Handsome couple, swell clothes, upper-crust settings, smart, sexually sparring dialogue and a plot device that contrives to keep the pair apart until you think you -- and they -- are about to burst. It worked in 1939. It worked in 1957, when it was retitled An Affair to Remember. It even worked last year when it was extensively quoted in Sleepless in Seattle. How is it, then, that Love Affair doesn't work in 1994?

Probably because it's been postmodernized. Previously Terry (Annette Bening in the new version) was a virgin, perkily defending that status while the threat to her innocence, Mike the Playboy (Warren Beatty), was shadowed by Catholic guilt about his careless ways. (Remember those poignant visits to his wise old auntie's chapel?) These scruples served two functions: they heated up forbidden desires, and they gave a certain bent logic to the three-month hiatus the couple imposed on their affair, ostensibly to shed other commitments, really for the chaste contemplation of this one's radical implications.

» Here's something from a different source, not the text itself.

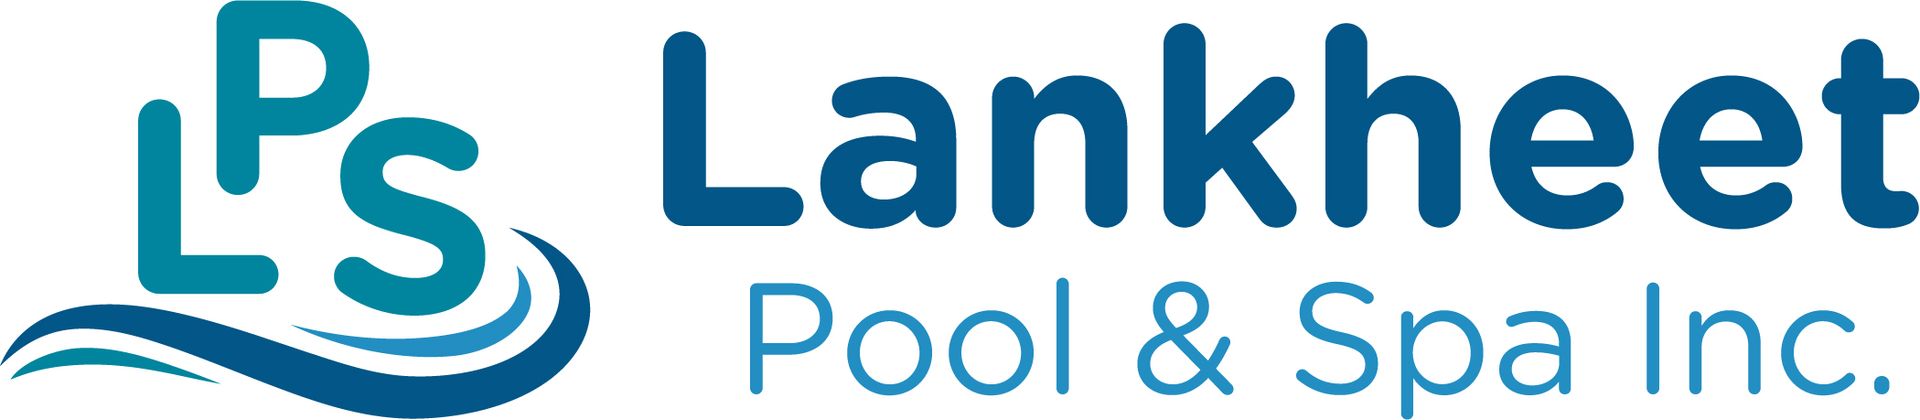 Lankheet Pool & Spa Inc.-Logo

You can see why Beatty (who produced the film and co-wrote it with Robert Towne) was drawn to this story; for a famous womanizer, it must have emotionally autobiographical elements. But he also recognized that maidenly virtue and religiously inspired guilt are tough sells these days. Under Glenn Gordon Caron's uninflected direction, there are no chapels (though a distressingly feeble Katharine Hepburn appears as the aunt), the couple consummates quickly, and the 90-day wait for their famous date atop the Empire State Building is motivated by no more than a postcoital fear of rushing into something. Not much suspense in that. Some of us religious and romantic skeptics have always thought this was a loathsomely pious and sentimental tale, but in a way we were wrong. Shorn of those qualities, it just dries up and blows away.